Merta Holly, Isogai Tadamoto, Paul Blessy, Danuser Gaudenz, Henne W Mike
Department of Cell Biology, UT Southwestern Medical Center, Dallas TX 75390.
Lyda Hill Department of Bioinformatics and Cecil H. and Ida Green Center for Systems Biology, UT Southwestern Medical Center, Dallas TX 75390.
bioRxiv. 2024 Jan 25:2024.01.24.577043. doi: 10.1101/2024.01.24.577043.
The endoplasmic reticulum (ER) is structurally and functionally diverse, yet how its functions are organized within morphological subdomains is incompletely understood. Utilizing TurboID-based proximity labeling and CRISPR knock-in technologies, here we map the proteomic landscape of the human ER and nuclear envelope. Spatial proteomics reveals enrichments of proteins into ER tubules, sheets, and nuclear envelope. We uncover an ER-enriched actin-binding protein, Calmin (CLMN), and define it as an ER-actin tether that localizes to focal adhesions adjacent to ER tubules. CLMN depletion perturbs focal adhesion disassembly, actin dynamics, and cell movement. Mechanistically, CLMN-depleted cells also exhibit defects in calcium signaling near ER-actin interfaces, suggesting CLMN promotes calcium signaling near adhesions to facilitate their disassembly.
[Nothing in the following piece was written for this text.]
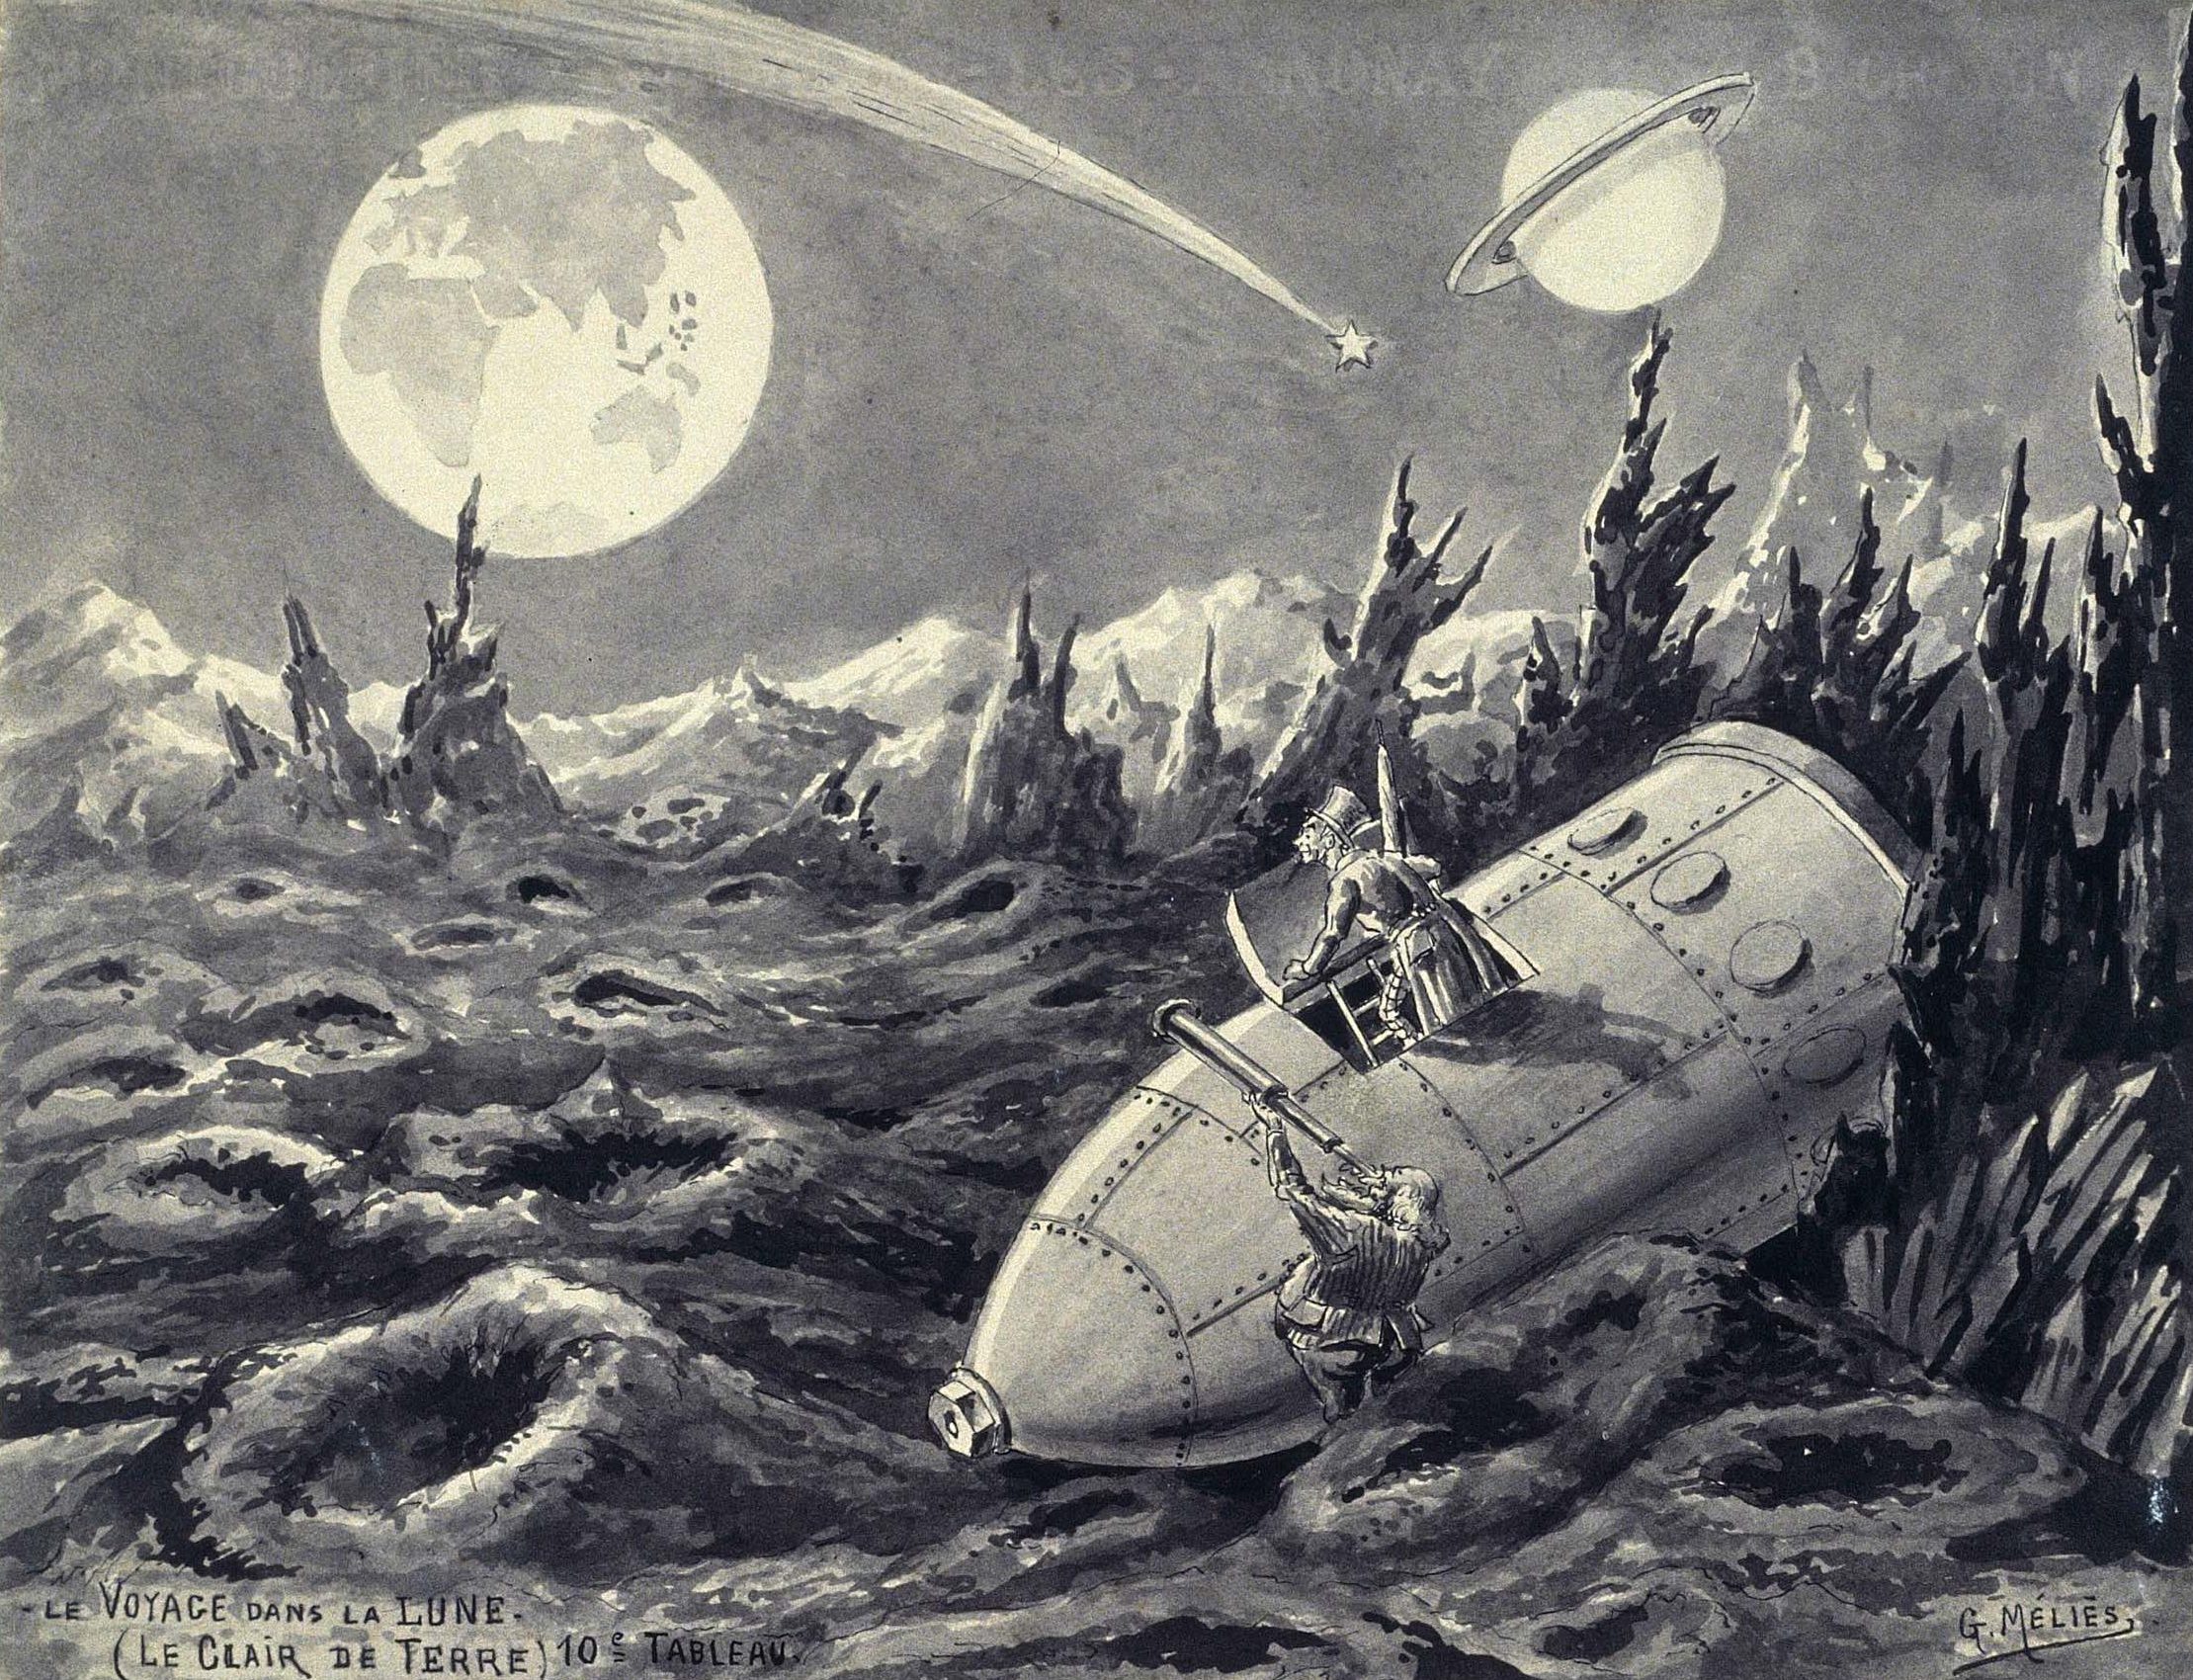 Georges Melies, Le voyage dans la lune Le clair de terre. Courtesy collection of the Cinematheque Francaise

Collectively, we map the sub-organelle proteome landscape of the ER, identify CLMN as an ER-actin tether, and describe a non-canonical mechanism by which ER tubules engage actin to regulate cell migration.
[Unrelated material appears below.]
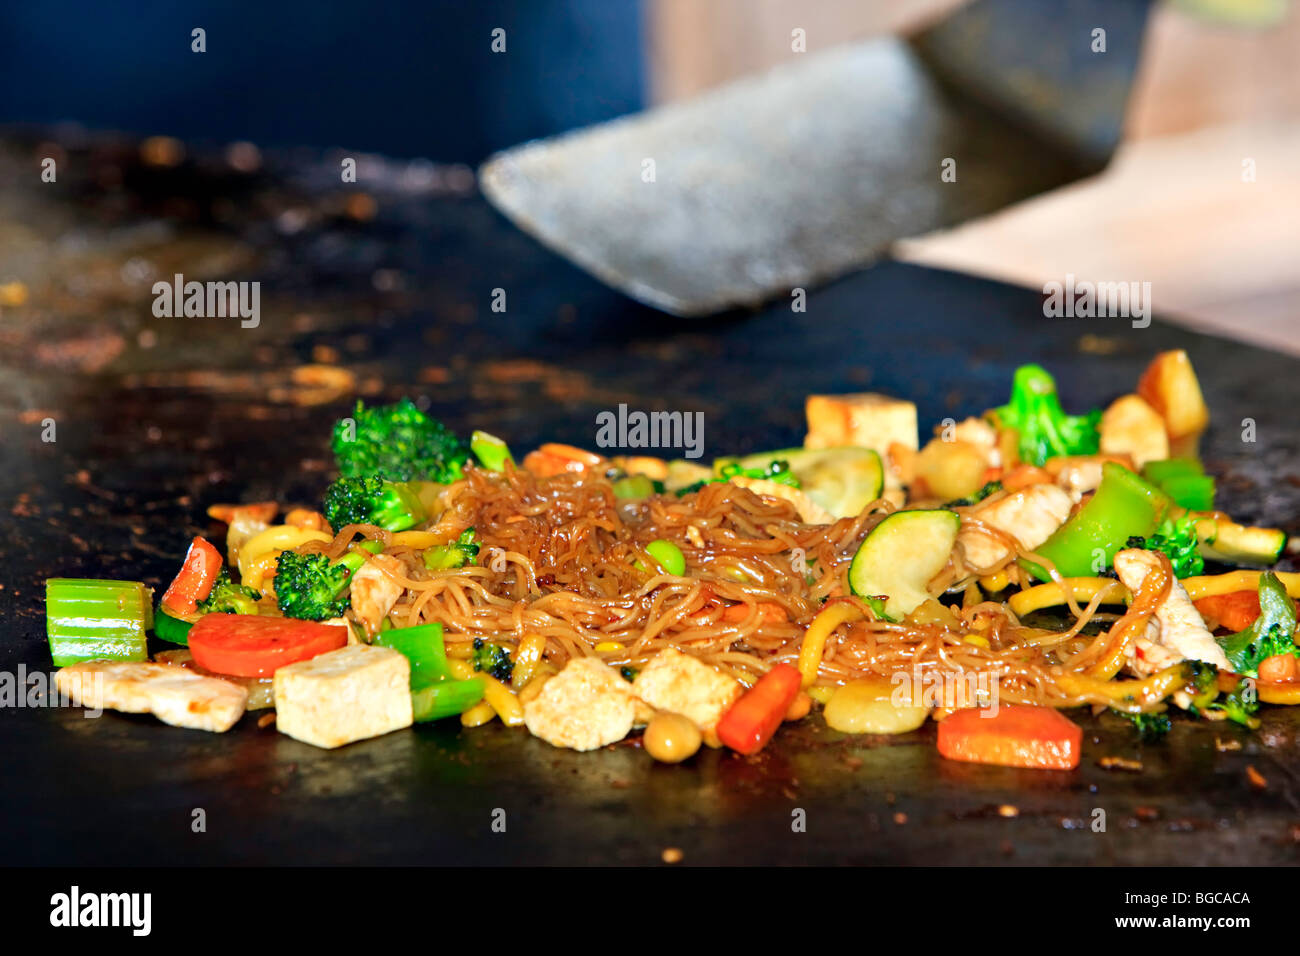 La préparation de l'aliment à la Mongolie célèbre Grill Restaurant sauté dans le village de Whistler, Colombie-Britannique, Canada. R Propriété Banque D'Images

内质网(ER)在结构和功能上具有多样性,然而其功能如何在形态学亚结构域中组织尚不完全清楚。利用基于TurboID的邻近标记和CRISPR基因敲入技术,我们绘制了人类内质网和核膜的蛋白质组图谱。空间蛋白质组学揭示了蛋白质在内质网管、内质网片层和核膜中的富集。我们发现了一种在内质网中富集的肌动蛋白结合蛋白,钙调素(CLMN),并将其定义为一种内质网-肌动蛋白连接蛋白,定位于内质网管附近的粘着斑。CLMN的缺失扰乱了粘着斑的解体、肌动蛋白动力学和细胞运动。从机制上讲,CLMN缺失的细胞在内质网-肌动蛋白界面附近的钙信号传导中也表现出缺陷,这表明CLMN促进粘着斑附近的钙信号传导以促进其解体。总的来说,我们绘制了内质网的亚细胞器蛋白质组图谱,确定CLMN为内质网-肌动蛋白连接蛋白,并描述了一种非经典机制,通过该机制内质网管与肌动蛋白相互作用以调节细胞迁移。